Now a middle school teacher in Columbus and a Vibez founding team member – the group is Vital and eight former Wisconsin football players – Wheelwright said he hopes more kids around the age where he got into the game feel like it’s an option and then have the support to stick with it.
“Like any other sport, you have good days and bad days, but the more you have fun with something, the more you want to come back and continue to do it and do better at it,” Wheelwright said. “I hope Vibez Golf Club opens people’s eyes that you can be whoever you want to be – whether you’re Black or white, whether you don’t come from the nicest areas or an area that might not even have golf courses around, you can still travel and get on these courses because they’re welcoming.”
Of course, in most places there are barriers. Equipment is expensive, green fees add up and it takes a long time to get good.

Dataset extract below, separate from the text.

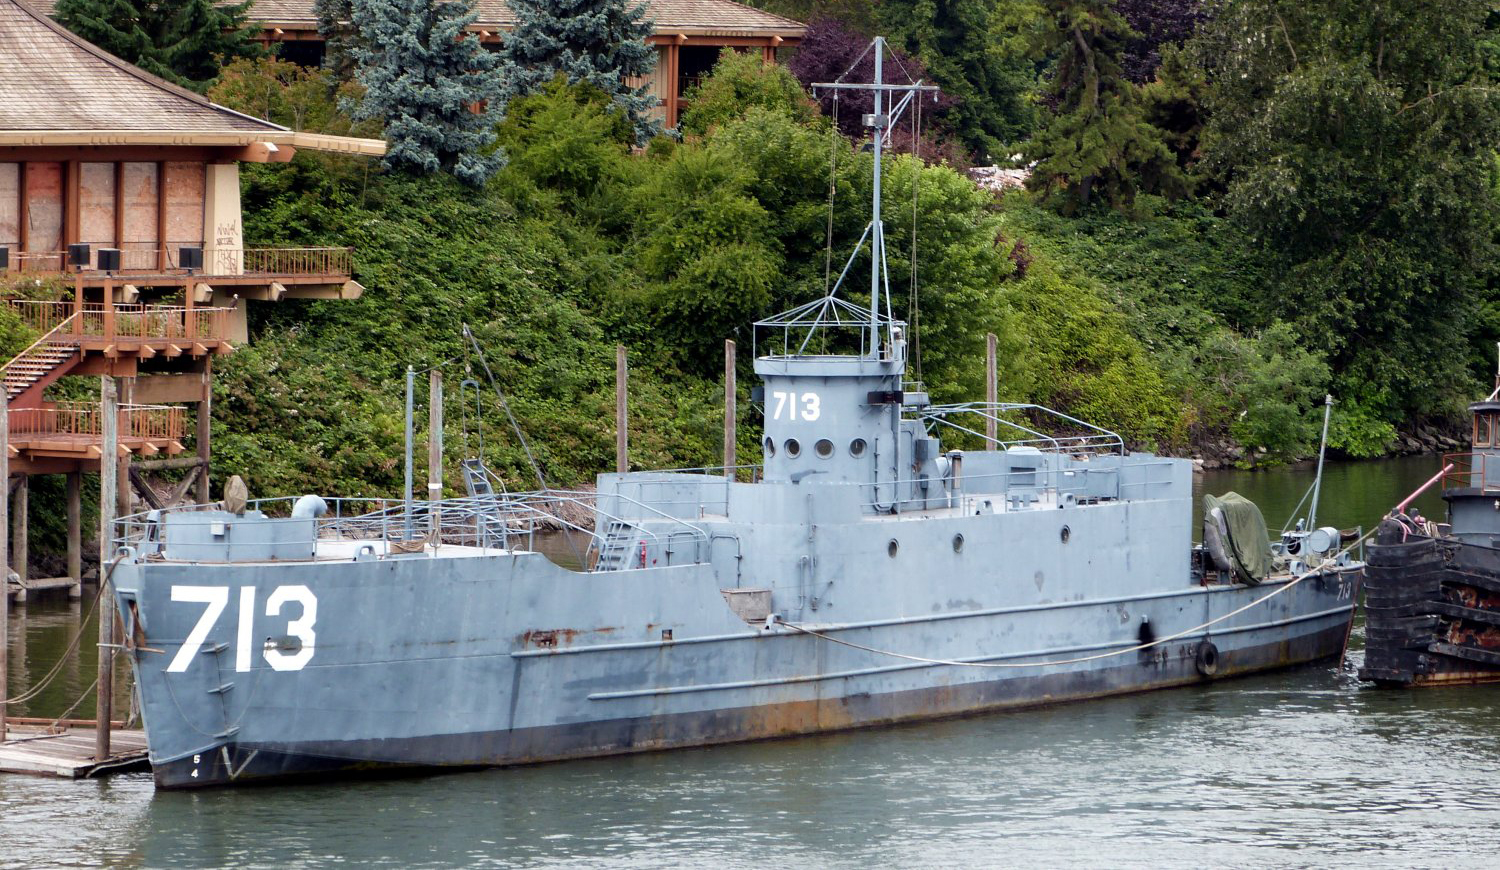 USS CLI 713 at current location in Portland

And that’s before any conversation about minorities feeling welcome on golf courses, at country clubs or in the golf community more broadly.
“When I got into the game, I got into it for what I like to say now is the wrong reason,” Vital said of the time period when he moved to San Diego after graduating from business school. “I got into it because, like, you play golf when you make it. That was the mentality behind it. I got down here and started playing golf, and after a year or so, it doesn’t take long to realize that something isn’t right. These vibes are off. I’m playing on certain courses and don’t really feel welcome – not like somebody comes out and tells you to get off the golf course, but you get some of that energy and those looks.”
So, step one for Vibez is to try to solve what they see as golf’s attractiveness issue in the places they come from.
“I heard a WNBA player say this and I love it: ‘You’ve got to show the game to grow the game,'” Vital said. “In golf, everyone in golf is hashtag growing the game, but you’ve got to make it attractive first. That’s our entire focus right now.”
They’ve hosted a tournament two straight summers in Madison, Wisconsin. In Denver, they did an event with the Boys & Girls Club and also staged a match play competition featuring four Broncos – safety Justin Simmons, wide receiver Courtland Sutton, punter Sam Martin and linebacker Josey Jewell – plus Gordon and other Vibez GC members and put as much content as they could on social media.
“(They) spanked us pretty good,” Gordon said.
They did another, similar outing with Chargers wide receiver Keenan Allen, and the video is in the works. Hillary had friends reach out that led to an event for women in Arizona.
“I thought it was honestly pretty cool how people reached out and said, ‘Hey, this is something I actually want to try and you guys make it look fun,'” he said.
The next phases include building a community of members and then helping figure out ways to more effectively get young people actually on the golf course and playing. On one hand, they’re just a group of friends who get together and play golf. It is clear, though, that they think something bigger is afoot.
“It means a lot to me for somebody to go out there with a fitted hat, with a chain on and just being them rather than having to be on the regulation of you have to wear this and you have to wear that,” Gordon said. “I don’t want to go play something where I don’t feel like I can be me. That’s the goal. The goal is to have someone with some dreads or something walk up there and put that jacket on in The Masters, win The Masters.
“That’s the goal for me, that’s what I want to come out of this.”